En el salón, a mi derecha, el televisor funcionaba con el volumen bajado. Dodie se llevó un dedo a los labios y luego me indicó mediante gestos que la siguiera hasta la parte trasera de la casa. Mientras recorríamos el pasillo de puntillas de camino a la cocina tuve ocasión de comprobar lo mucho que Dodie había cambiado. La pérdida de peso la había transformado. Pinky me dijo que Dodie había adelgazado veintisiete kilos, y la diferencia era sorprendente. Los ojos, de un azul intenso, siempre habían sido lo mejor de su cuerpo. Ahora llevaba el pelo mejor teñido y mejor cortado, e iba mejor maquillada debido a su nuevo empleo. También había mejorado su guardarropa. El conjunto que vestía —un jersey de manga larga con cuello de pico, pantalones bien confeccionados y zapatos de tacón caros— la hacía tan esbelta como una modelo de pasarela, aunque Pinky tenía razón acerca de su trasero.
—Estás guapísima —le susurré cuando llegamos a la cocina.
—Gracias —respondió susurrando a su vez.
—¿Por qué susurramos?
Dodie levantó un dedo y lo agitó, como si mi pregunta fuera absurda. Tomó un bolígrafo y un periódico y en uno de los márgenes escribió: «Hay micrófonos».
—Me imagino que buscas a Pinky —dijo en voz baja—. ¿Qué ha hecho ahora?
—Ha cabreado a un poli llamado Len Priddy, y no ha sido muy buena idea.
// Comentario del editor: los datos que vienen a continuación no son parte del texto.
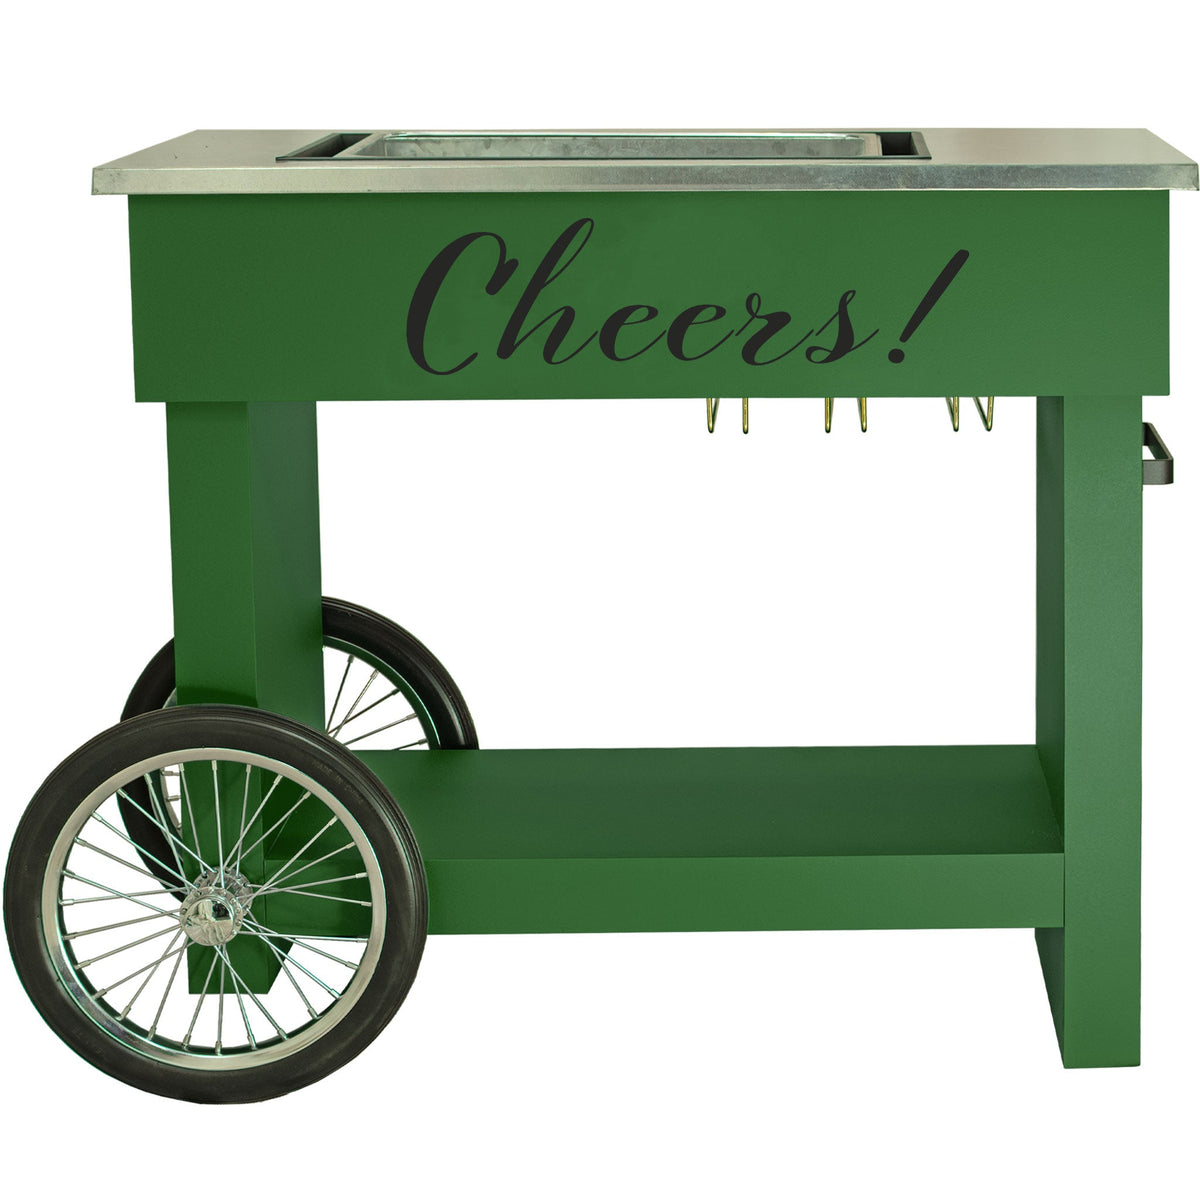 Lee Display's Champagne and Wine Bar Cart with Wheels in Green Color and a Cheers! Decal

—Ah, ese tipo —murmuró—. Pasó por aquí hace un rato, y le dije que Pinky había ido a verte.
Cerré los ojos, intentando reprimir un chillido. No era de extrañar que Len se hubiera presentado en mi despacho. Ya había espiado a Pinky allí por la mañana, y ahora Dodie me lo había vuelto a enviar.
—¿Qué pasa? —preguntó.
—No te preocupes —respondí—. ¿Sabes algo de las fotografías que ha robado Pinky?
—¿Fotografías? —preguntó nerviosa.
Aguardé unos segundos, con la esperanza de que cantara lo que sabía.
—Dodie, tienes que confiar en mí. Hasta ahora he trabajado a ciegas. No puedo ayudar a Pinky a menos que sepa lo que está pasando.
—Prométeme que no se lo contarás a nadie.
Me entraron ganas de poner los ojos en blanco, pero opté por llevarme la mano al corazón y jurarle fidelidad eterna.
Dodie se tapó la boca con la mano antes de hablar, por si quienquiera que la estuviera mirando desde lejos resultaba ser un avezado lector de labios. Dado que estábamos en el interior de la casa, no me pareció que fuera tan necesario. Me vi obligada a acercarme más a ella porque, además, seguía susurrando.
—Eran fotos mías. Fotografías que me sacó la policía cuando me detuvieron por ejercer la prostitución. Y también las fotos de mi ficha policial y los expedientes de la vez que me detuvieron por embriaguez y alteración del orden público. Ese poli sabe que trabajo para Gloriosa Feminidad, y si mi jefa provincial se entera de que he estado en la cárcel, perderé el empleo. Ya está bastante cabreada conmigo porque vendo más que ella.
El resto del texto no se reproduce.